Long-running AI calls — background task pattern

Run a long AI generation in the background with ctx.background_task: chat unblocks instantly with an ack and the result is delivered later as a fresh bot turn.

When your extension needs to call an external AI service (OpenAI, Anthropic, retrieval-augmented pipelines) that takes longer than the 30-second ctx.http default, you have three options on Imperal Cloud — from simplest to most flexible.

TL;DR — pick by duration

Op duration	Easiest form	Chat experience
≤ 30s	`ctx.http.post(url)` (default)	Chat blocks until result.
30–180s, single HTTP call	`ctx.http.post(url, timeout=120)` per-call override	Chat blocks; fine for predictable single-call latency.
Any duration up to 30 min, want chat unblocked	`@chat.function(background=True)` sugar (v4.2.13+)	Chat unblocks instantly with ack; auto-delivers result as fresh bot turn.
Same, want custom ack summary or conditional dispatch	`ctx.background_task(coro)` explicit (v4.2.12+)	Same as above; you control the immediate ack.

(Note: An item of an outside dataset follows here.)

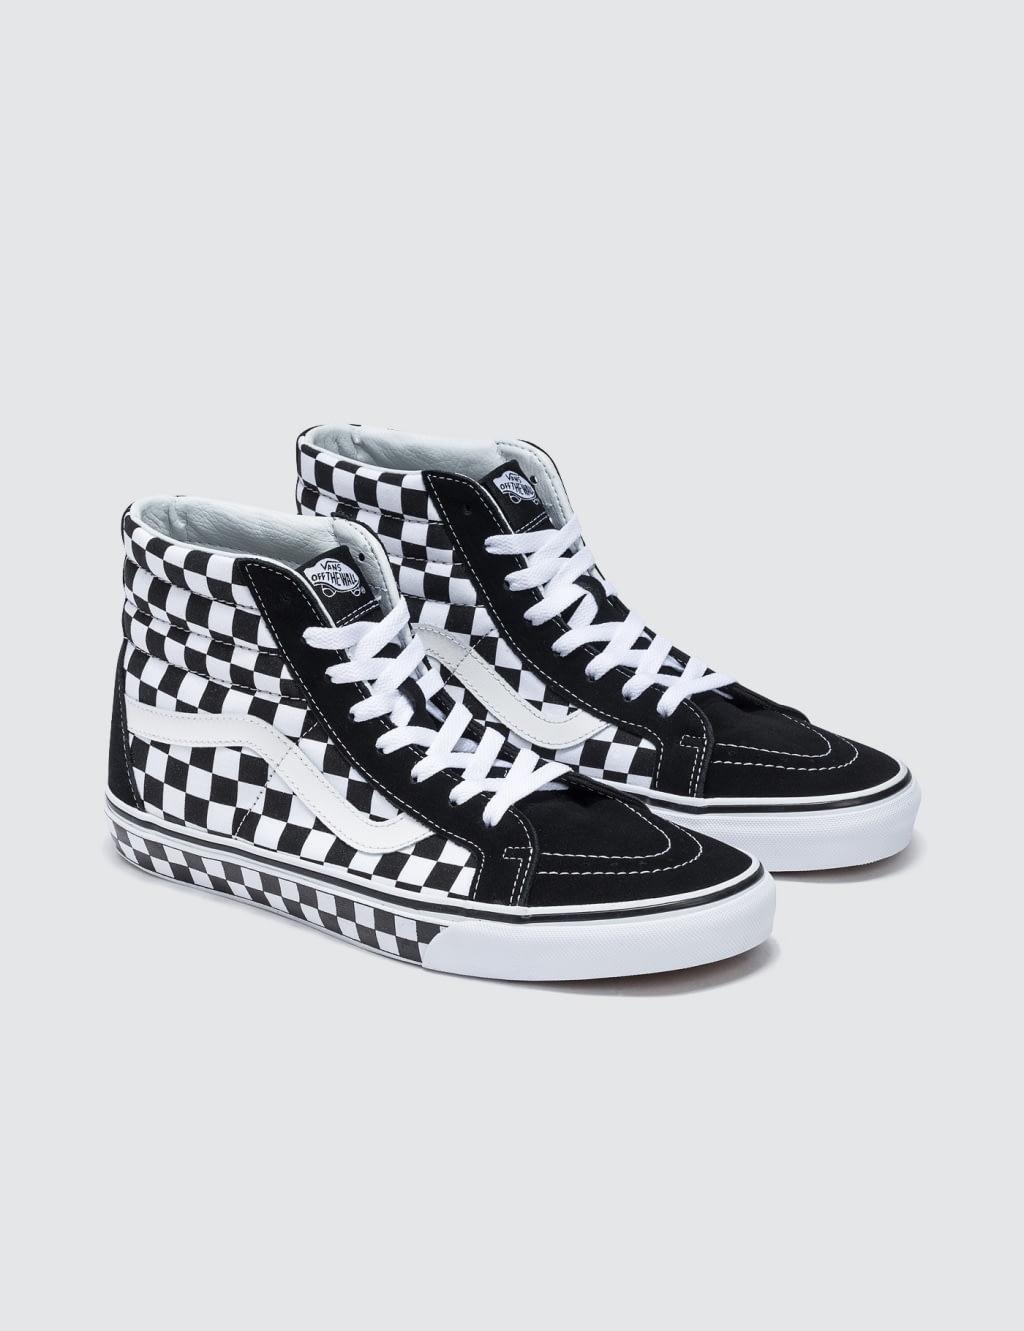 vans sk8 hi checkerboard reissue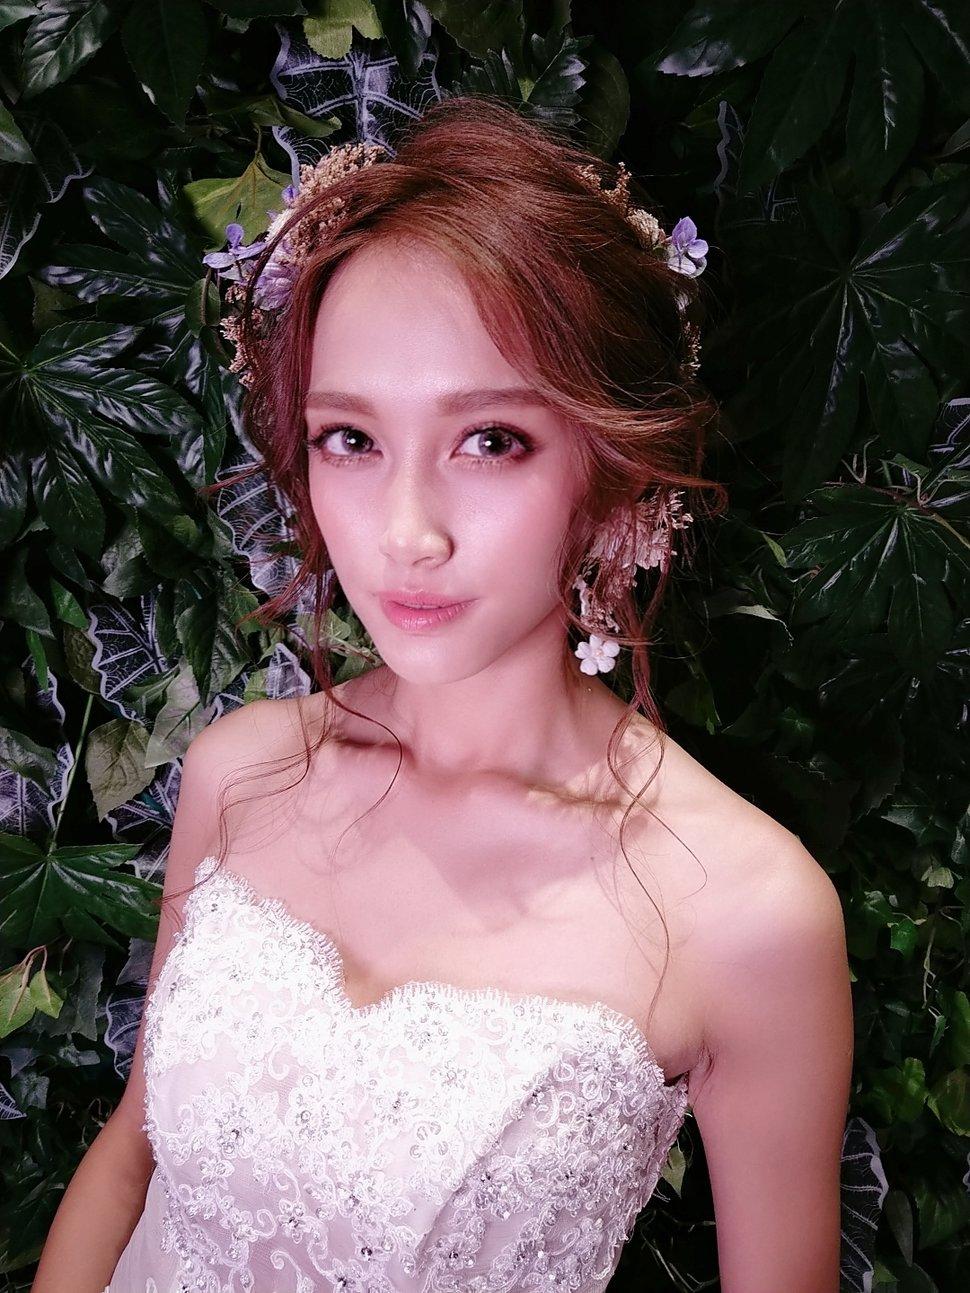 O2Cam_20190810144133_mh1565439121647 - Elaine makeup《結婚吧》

Pattern A — `ctx.http(..., timeout=N)` (≤ 180s)

Use timeout=N on the specific HTTP call. Chat stays in "thinking…" for the duration. Cleanest when one external call is the only slow step.

handlers_refine.py — Pattern A

from imperal_sdk import ActionResult
from pydantic import BaseModel, Field

# Assumes `chat` is imported from your extension's app module —
# typically: from .app import chat   (or from app import chat)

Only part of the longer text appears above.